Dataset section =
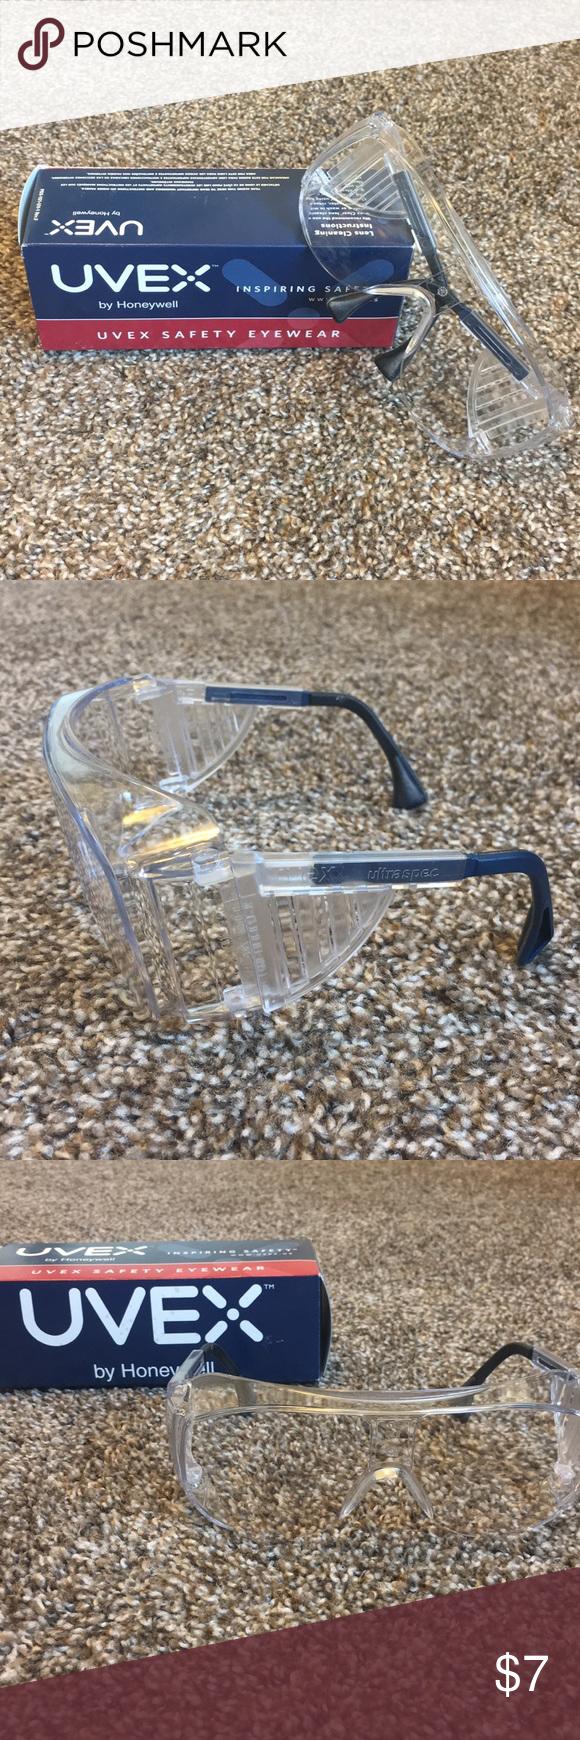 Uvex Lab Safety Glasses * Size OS * Brand Uvex by
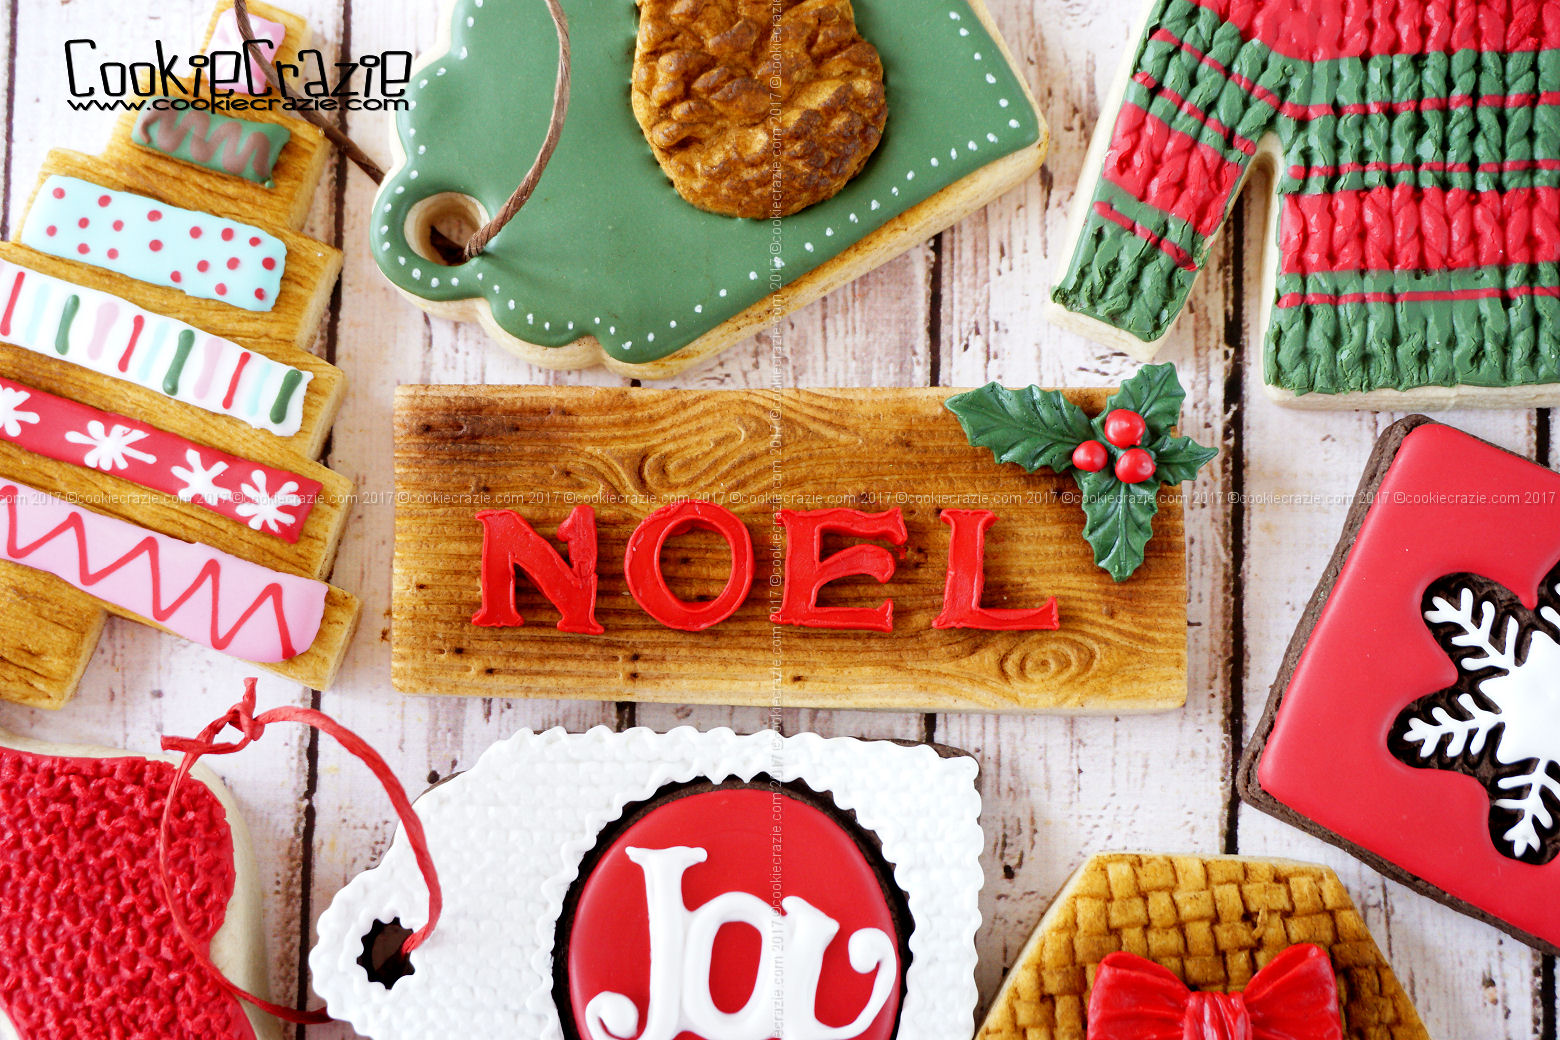 Wood Grain NOEL Plaque Decorated Sugar Cookie YouTube video  HERE
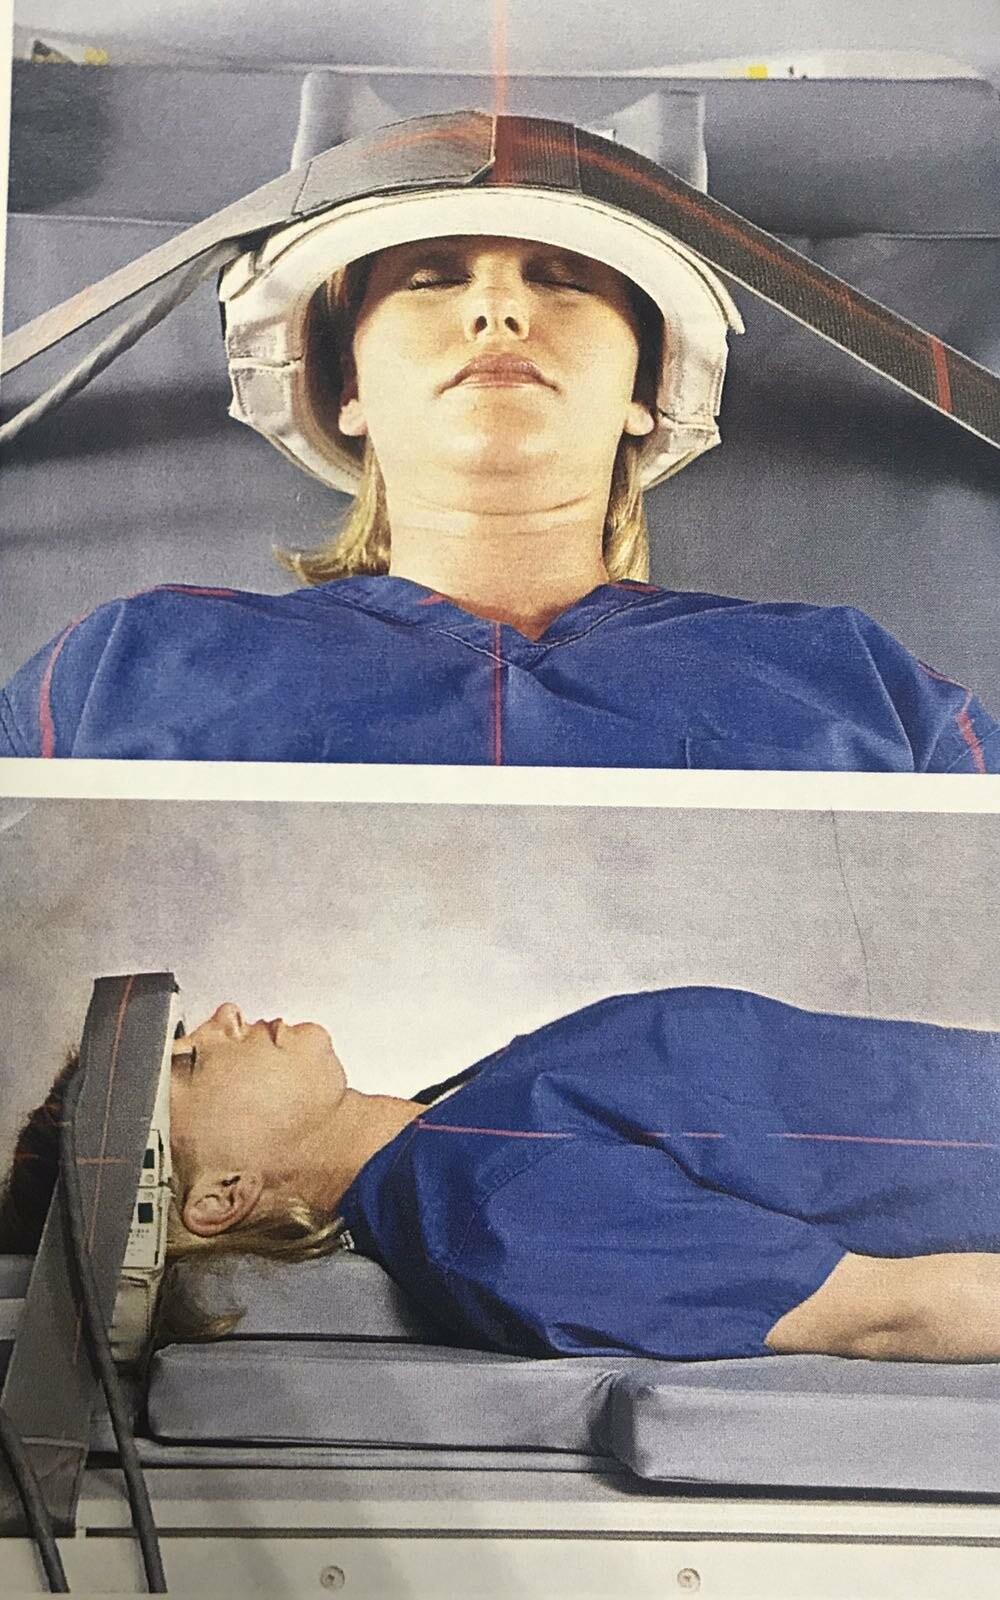 Магнитно-резонансная томография, Медицинский центр №1, фото-2

The problem = Images are to be left out; everything else in the material must be written out exactly.

Output below =
 Uvex Lab Safety Glasses * Size OS * Brand Uvex by
 Wood Grain NOEL Plaque Decorated Sugar Cookie YouTube video  HERE
 Магнитно-резонансная томография, Медицинский центр №1, фото-2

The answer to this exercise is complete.